→ Work task
The data below is to be written out exactly, with no pictures.

→ Information shown

-- Opening Marker --

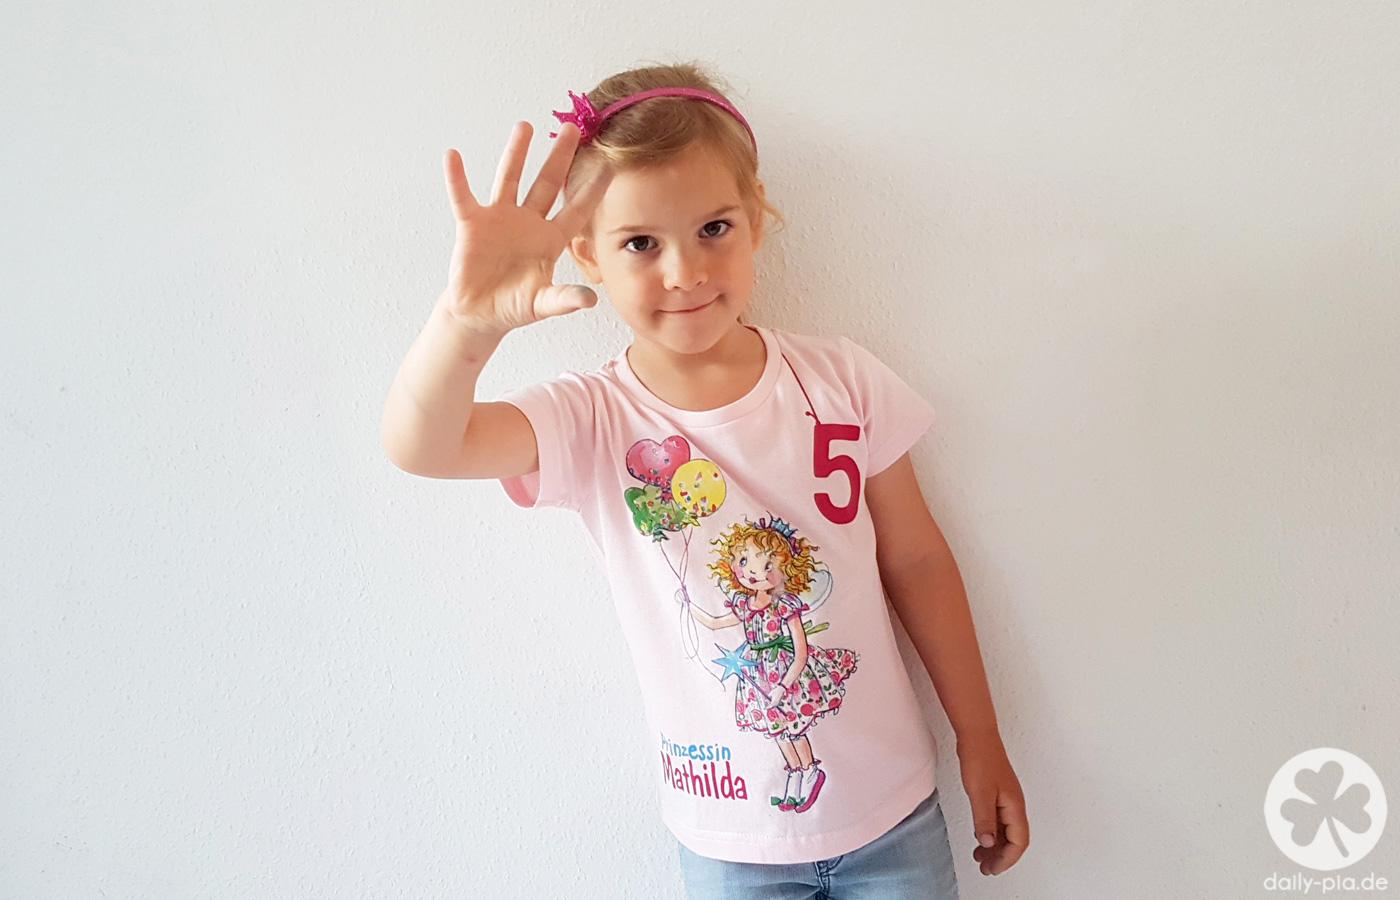 Prinzessin Mimifee ist jetzt 5!
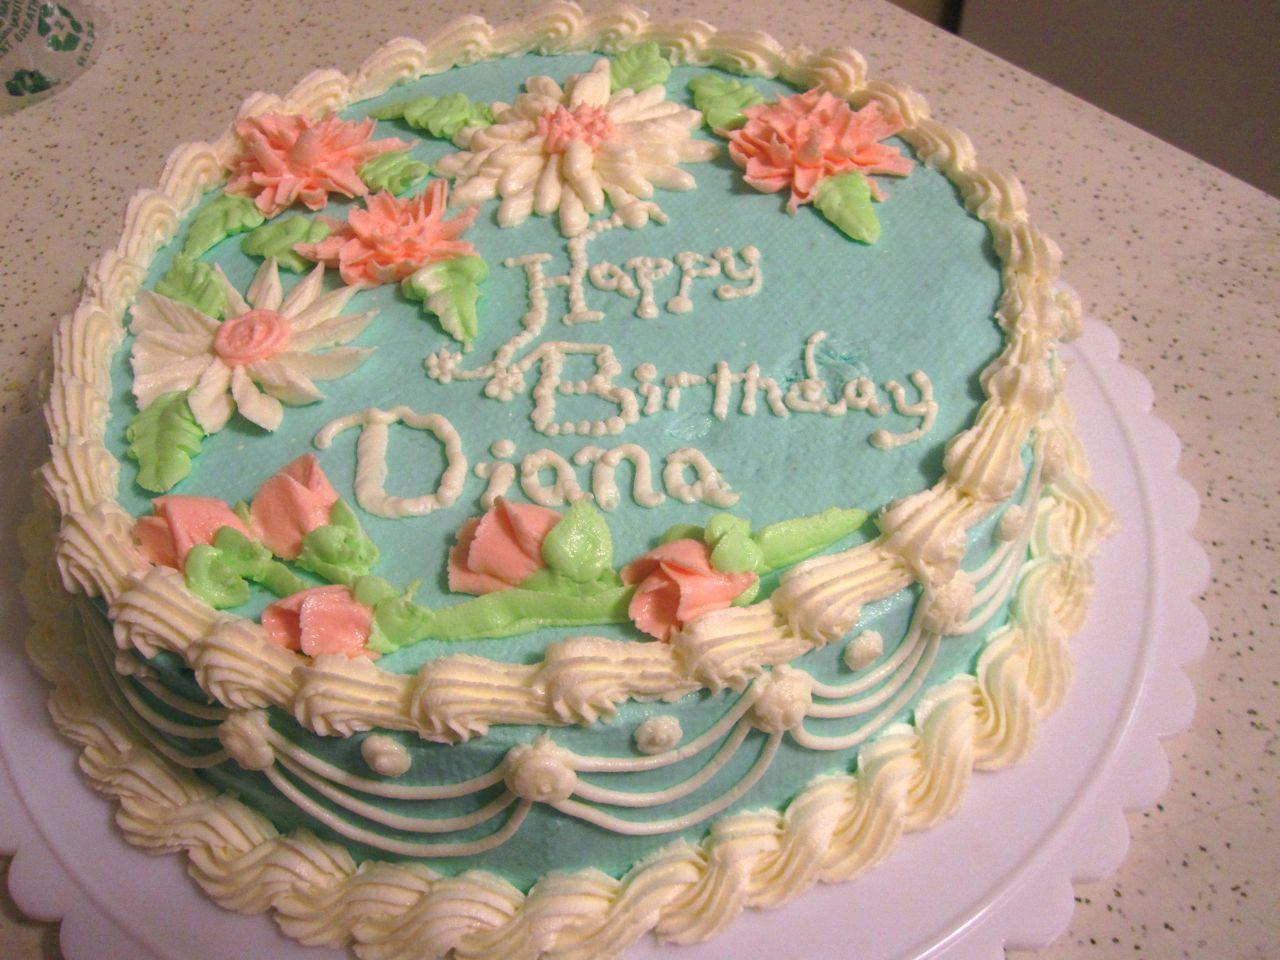 Princess Diana Birthday Cake Image Inspiration of Cake and
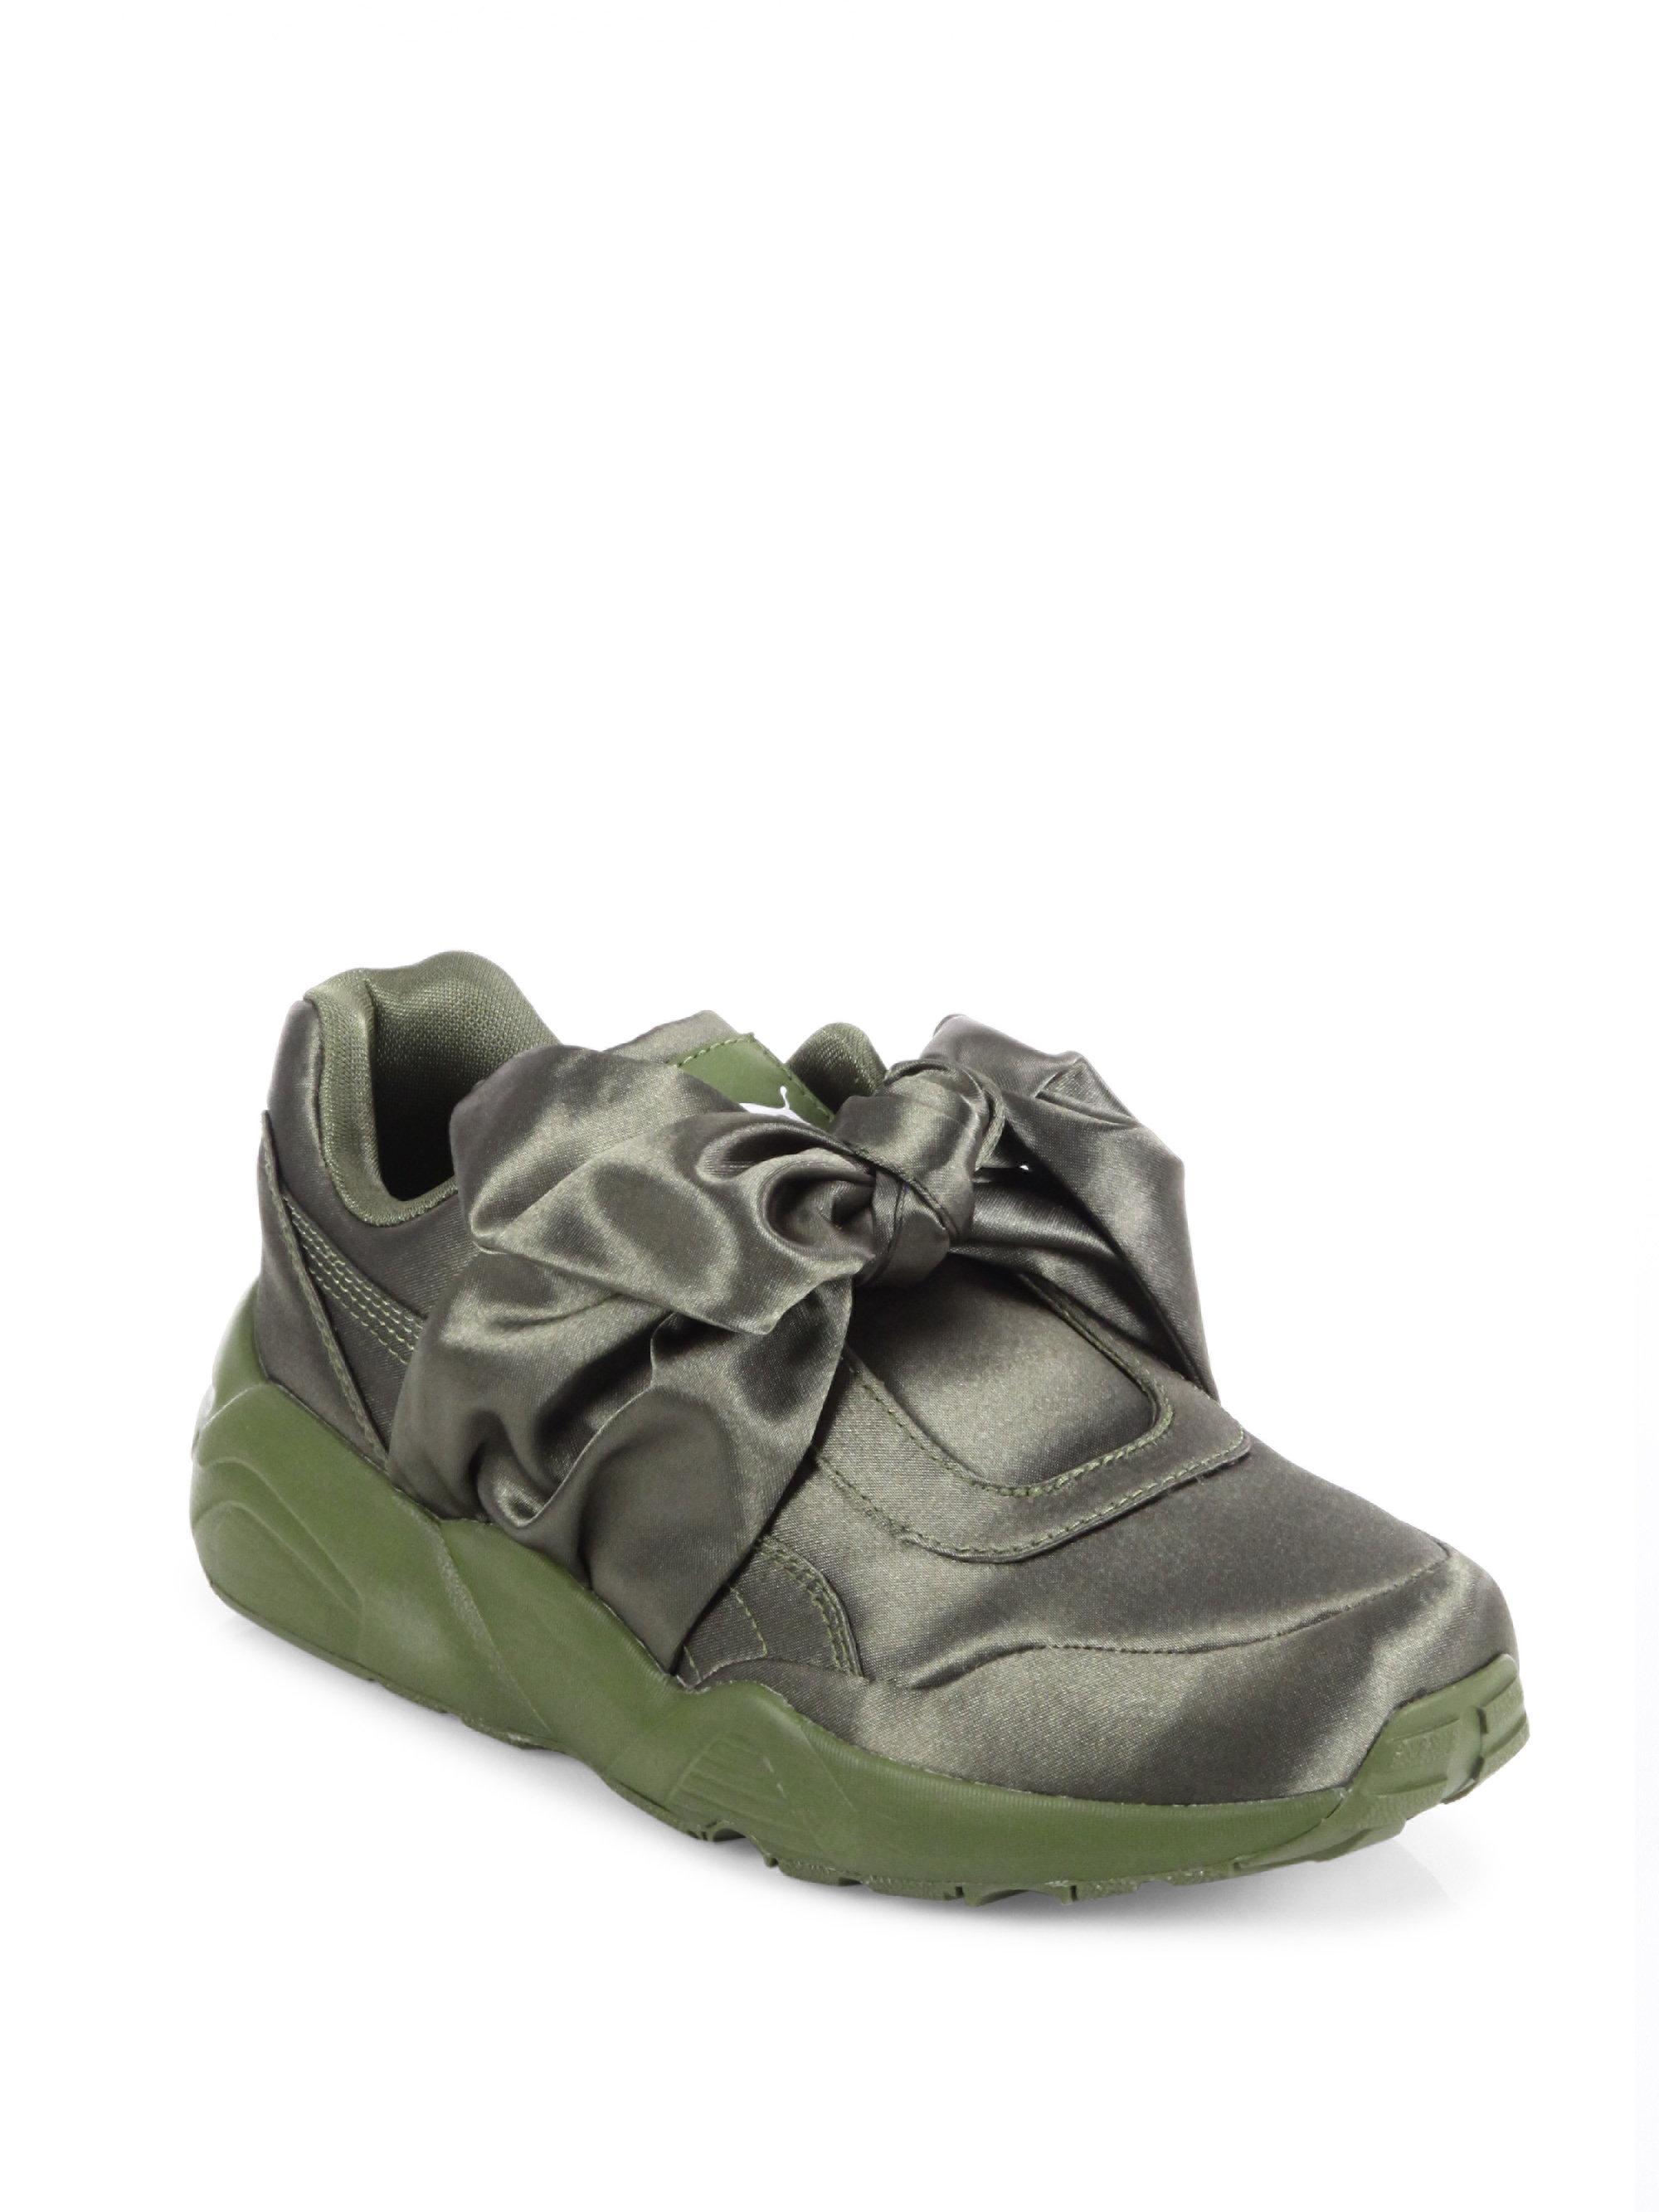 Puma Fenty X Rihanna Satin Bow Sneakers In Green Lyst
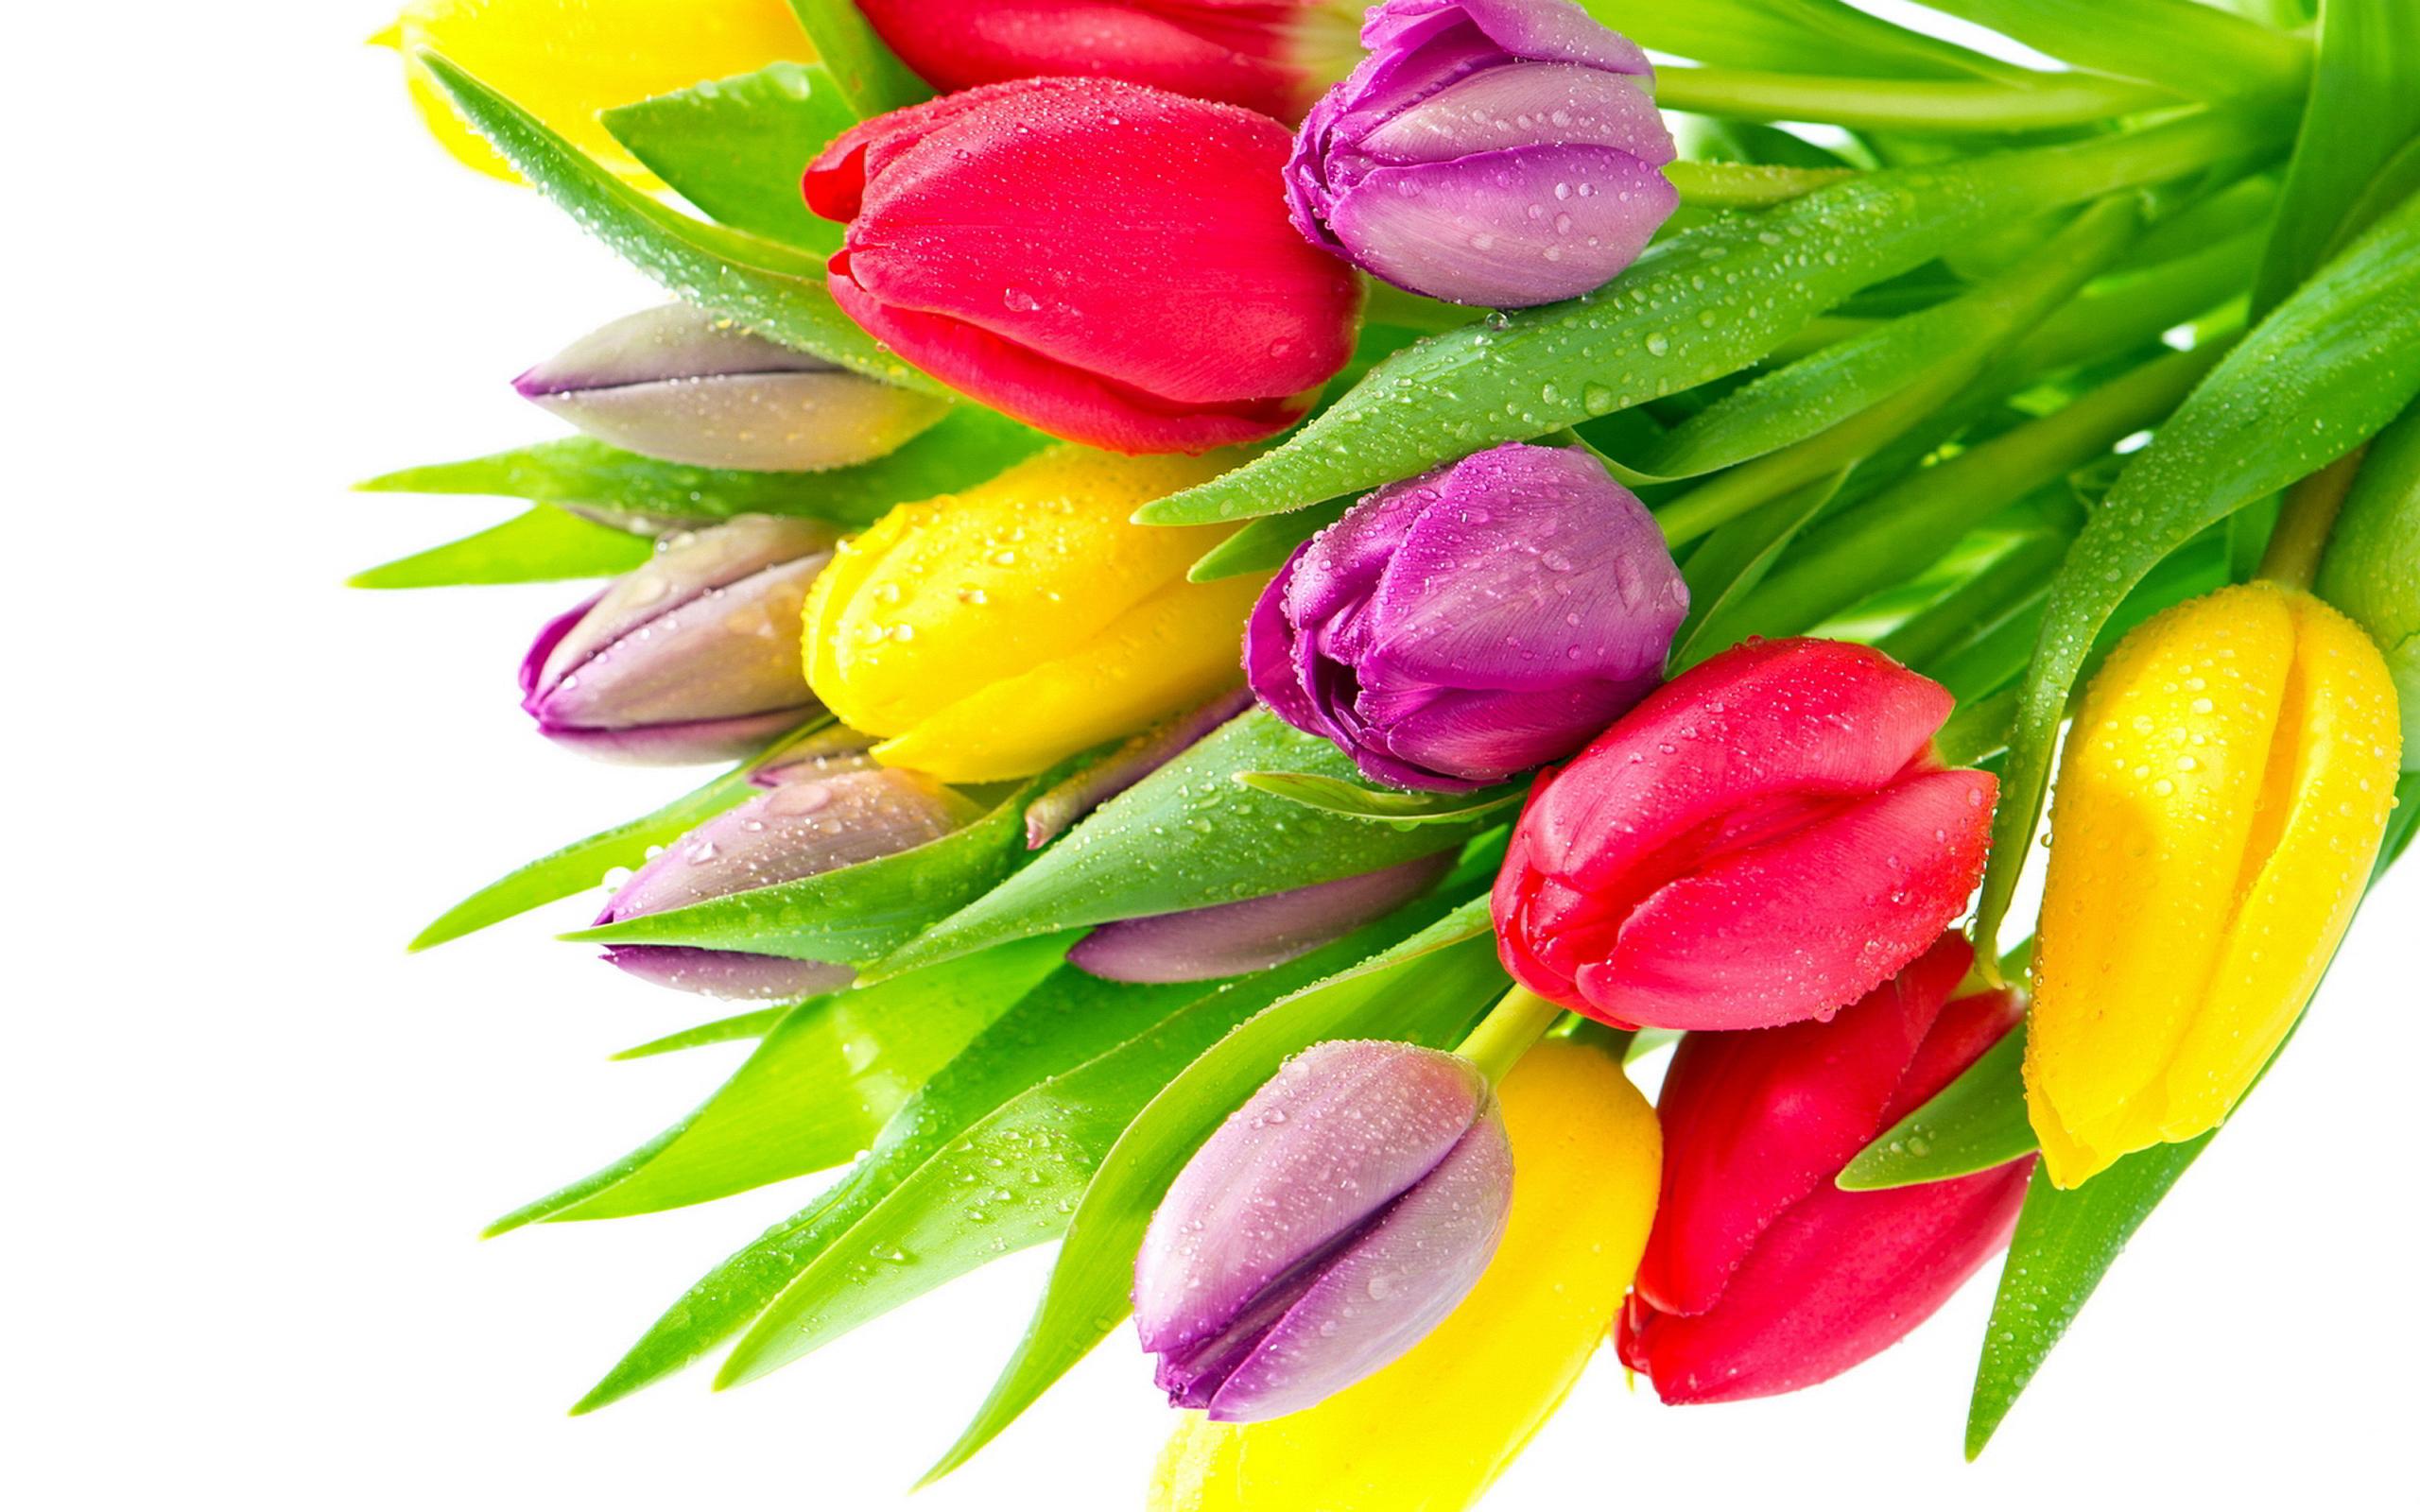 Colorful Tulip Flowers HD Desktop Wallpaper HD Desktop Wallpaper 2560x1600

-- Closing Marker --

→ Answer to the exercise
 Prinzessin Mimifee ist jetzt 5!
 Princess Diana Birthday Cake Image Inspiration of Cake and
 Puma Fenty X Rihanna Satin Bow Sneakers In Green Lyst
 Colorful Tulip Flowers HD Desktop Wallpaper HD Desktop Wallpaper 2560x1600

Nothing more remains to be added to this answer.